For an internship I’m currently working on a PoC implementation to use Solid as a publication platform for IoT data.
The idea is to have a Solid pod as a data storage and sharing platform for the data by consumer IoT devices (e.g. weather stations, air quality sensors, activity trackers, power consumption, etc.).
This data could then be shared by its owner with third parties like research groups, companies, cities, etc for use in applications or research (s)he believes in.
My belief is that this could possibly simplify the process to setup a citizen science or voluntary data-driven research experiment while offering maximal transparency of the data the user is sharing.
Up to this moment I’ve succeeded in saving sensor measurements (translated from SenML to either SAREF or SSN through an RML mapper).
There are however a couple challenges I’m currently thinking about and hoped I could draw inspiration from this community.
- The SenML messages contain quite little metadata. The sensor isn’t required to present itself before publishing messages and at most sends the unit of measurement along with the measured value.
I believe for the data to be more useful, it should be possible for the user to add some metadata (sensor description, what’s being measured, sensor location) at the moment of sharing.

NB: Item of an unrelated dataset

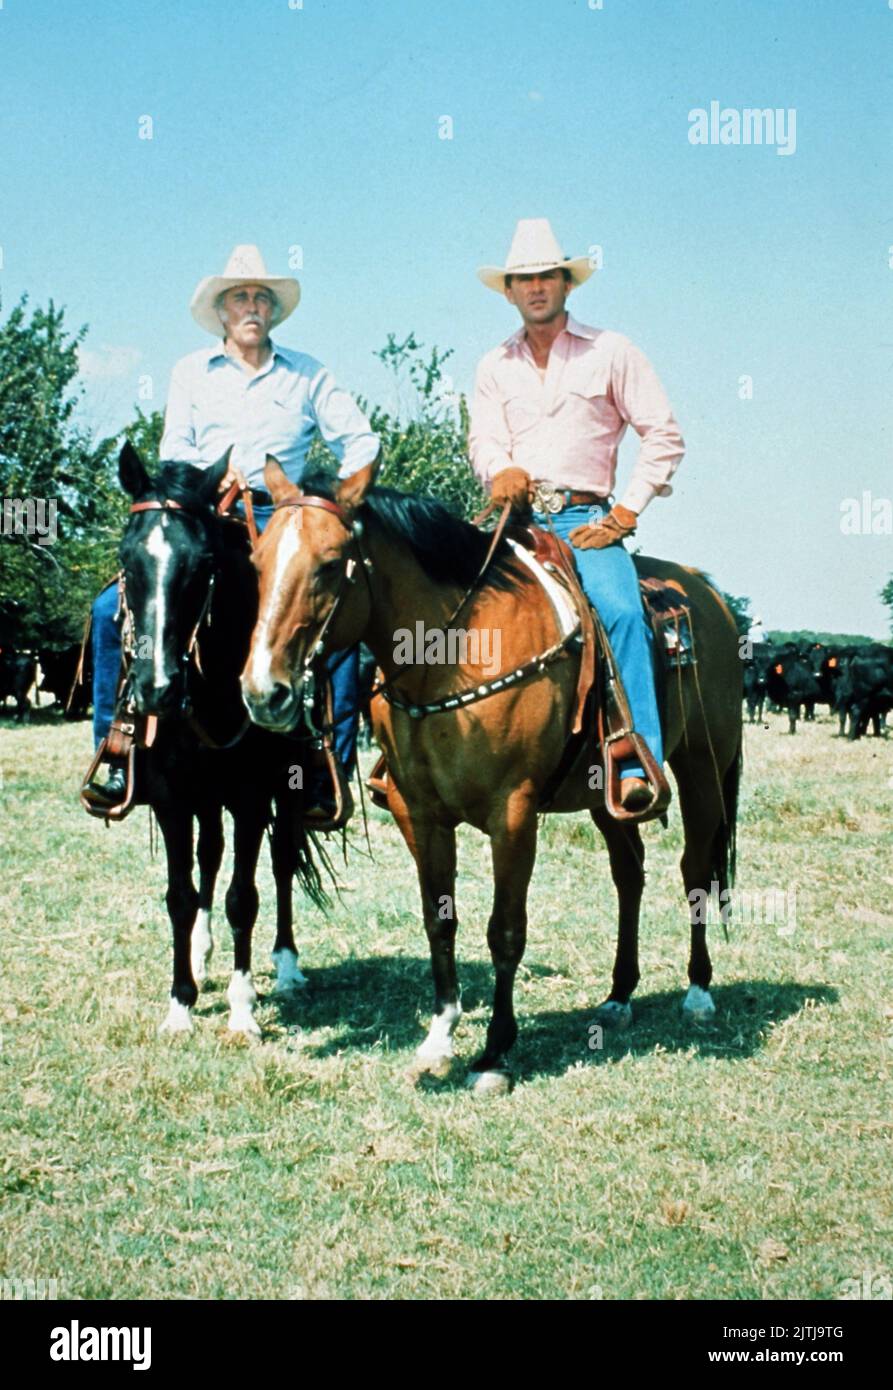 Dallas, Fernsehserie, USA 1978 - 1991, Darsteller: Howard Keel, Patrick Duffy Stock Photo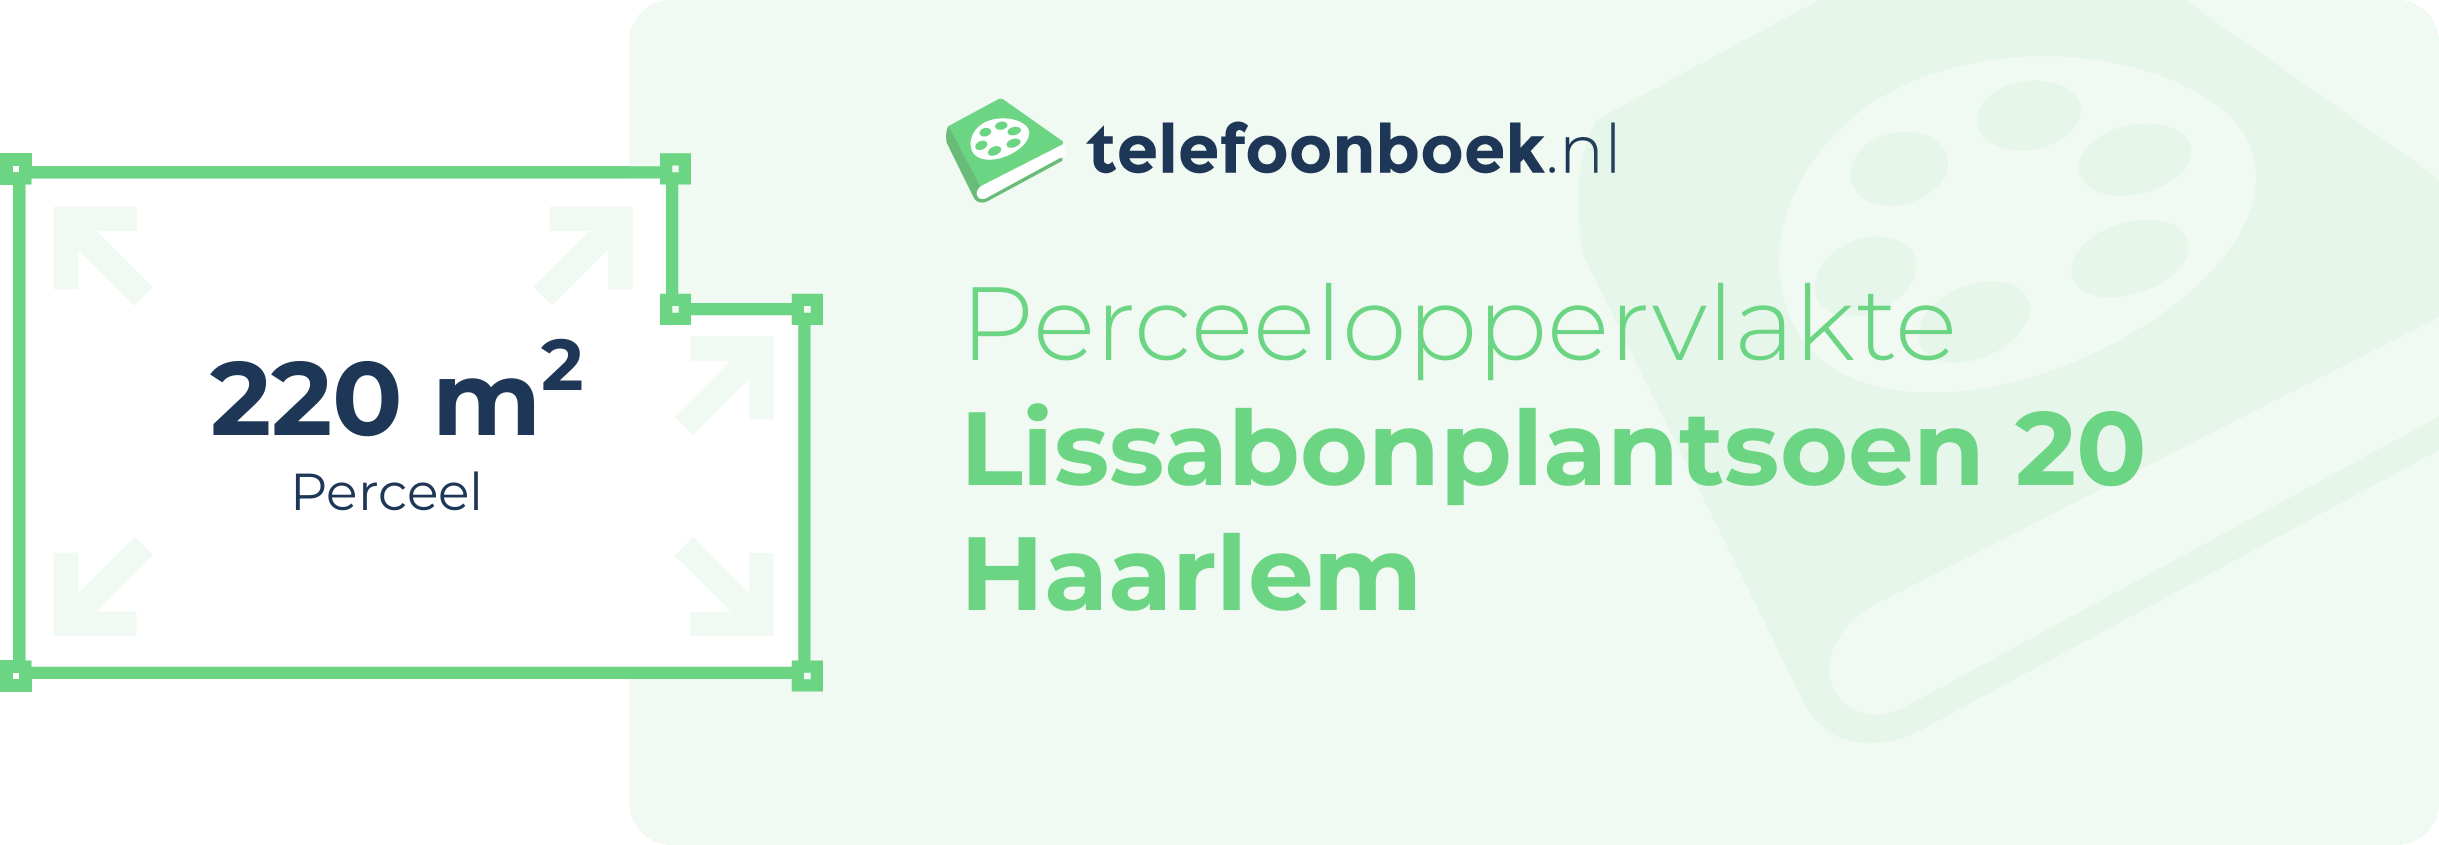 Perceeloppervlakte Lissabonplantsoen 20 Haarlem

- Once the IoT data is stored on the pod, some mechanism must be in place for the third parties to fetch the data and pull it into the data processing application of their choice. But how do they know what resources on which pods are publicly available to them?
- Since multiple ontologies exist for describing measurment data and only very few data processors support linked data yet, I suppose ideally the data ‘aggregator’ tool should have the means of retranslating it and exposing it in more classic formats.
- If I understand correctly, access control on Solid pods is on a file-based level. So it currently isn’t possible to give access only to certain resources in one ttl file. If only the data for a single sensor is to be shared then, each sensor would need a corresponding file to store its measurements in.
This is the solution I could come up with for points 1-3:
Build a REST API which collects and combines the data from the resources it has access to and re-exposes it in JSON format through means of GET requests, in essence hiding the distributed working and rdf format of the data. This to make the process of getting the data less cumbersome for the people wanting to work with it.
To add metadata (sensor description, location,…) a simple web interface could be built to edit the resources and through which access could be allowed to the data aggregator to read its contents. A POST request could be sent to the API to add the resource to the list of resources the aggregator has access to.
While I think this would technically work, something tells me this isn’t the best way to go, hence this post.
Any feedback, questions, remarks, other solutions and resources you believe might help me are more than welcome. Please do keep in mind I’m still a student and this project (which I’m working out in the time span of a couple weeks) is more than anything a learning opportunity for me.